Your goal: Please give back each line below unchanged; none of the pictures should appear.

--- Data below Enclosed Below ---

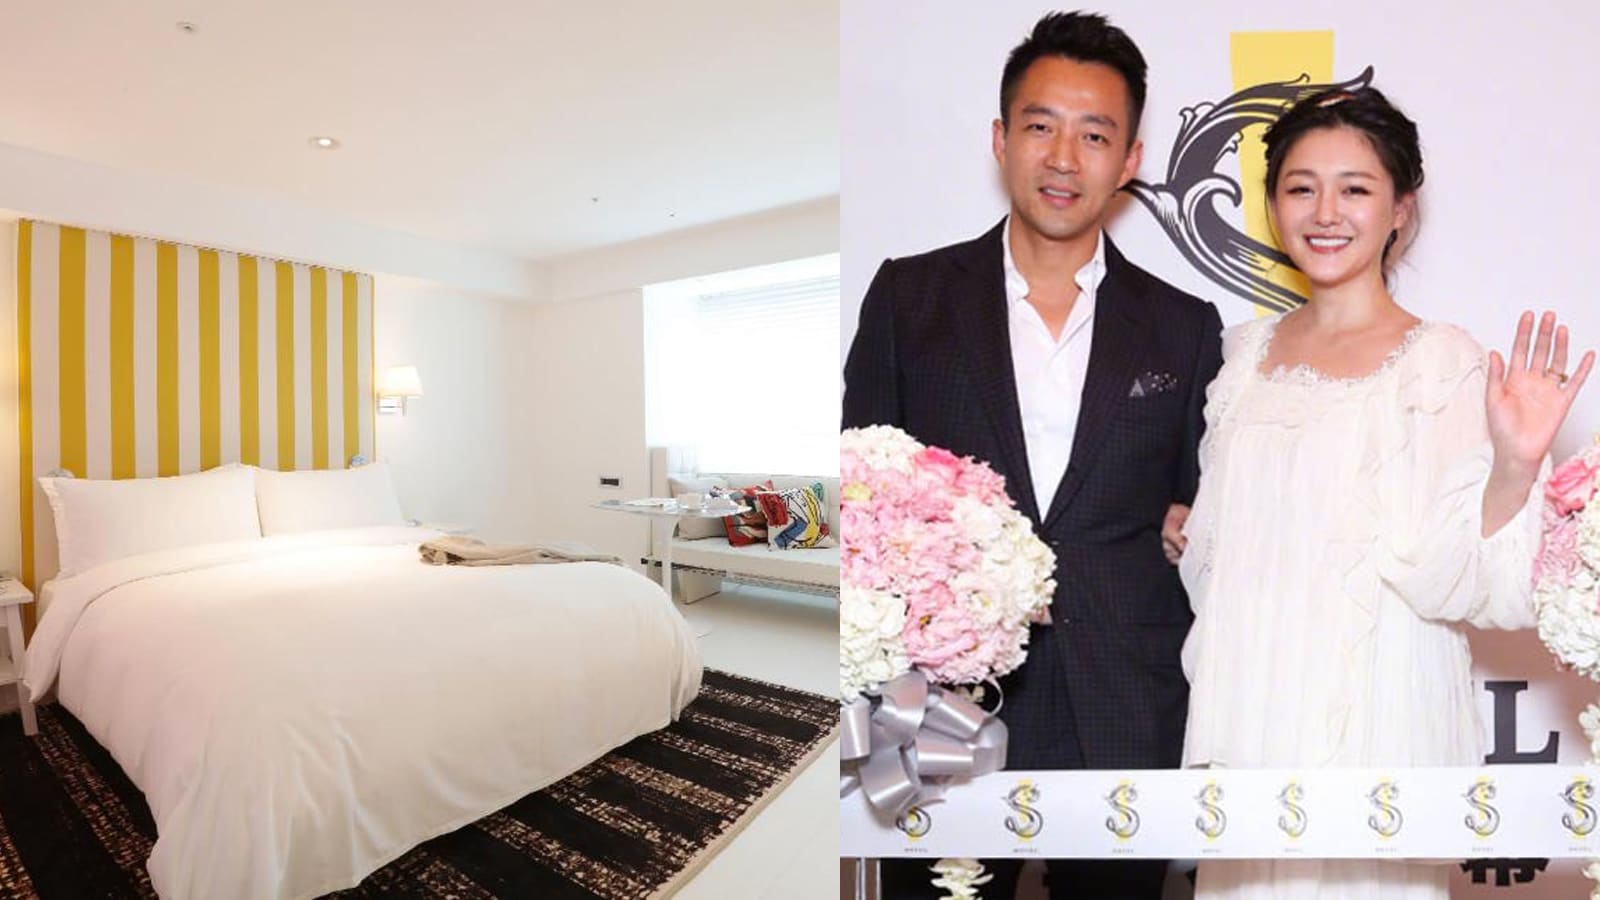 Barbie Hsu’s Husband’s Hotel Offered 'Graduation Certs' To Their Guests Who Completed Their Self-Quarantine Stay
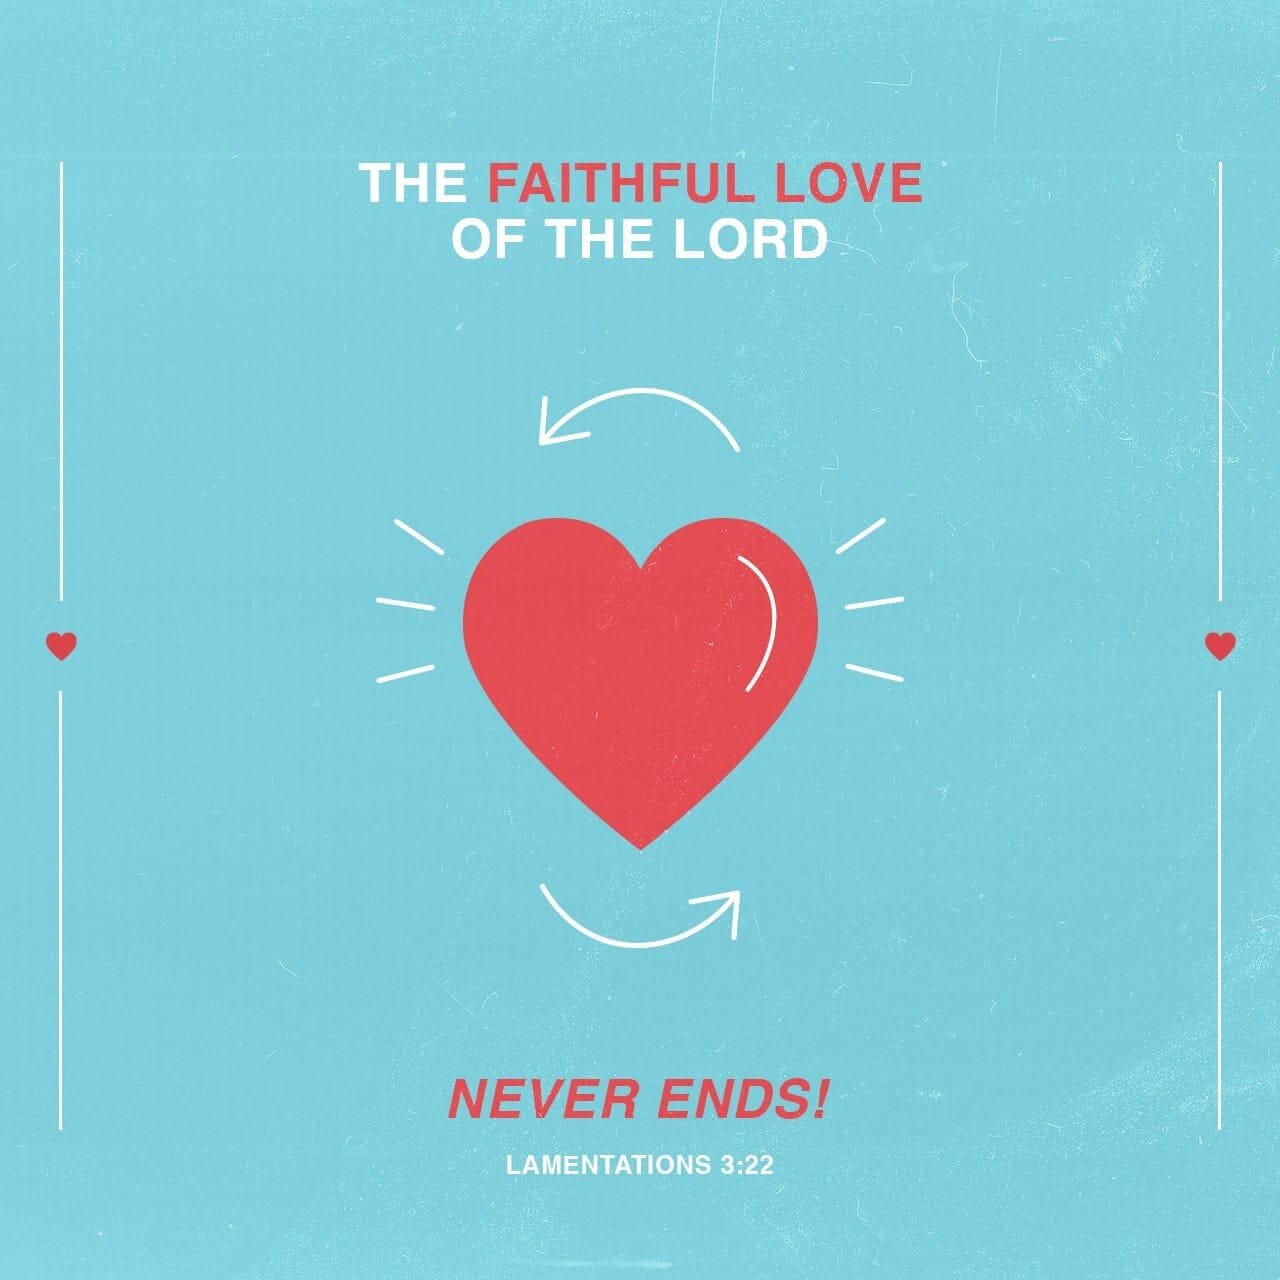 Struggling today? This week? This year? Hold tight - God's love for YOU  is never ending &quot;Because of the Lord&rsquo;s great love we are not consumed,
 for his compassions never fail. They are new every morning;
 great is your faithfulness.&quot;

--- End of Enclosed Data below ---

Reply to the task:
 Barbie Hsu’s Husband’s Hotel Offered 'Graduation Certs' To Their Guests Who Completed Their Self-Quarantine Stay
 Struggling today? This week? This year? Hold tight - God's love for YOU  is never ending &quot;Because of the Lord&rsquo;s great love we are not consumed,
 for his compassions never fail. They are new every morning;
 great is your faithfulness.&quot;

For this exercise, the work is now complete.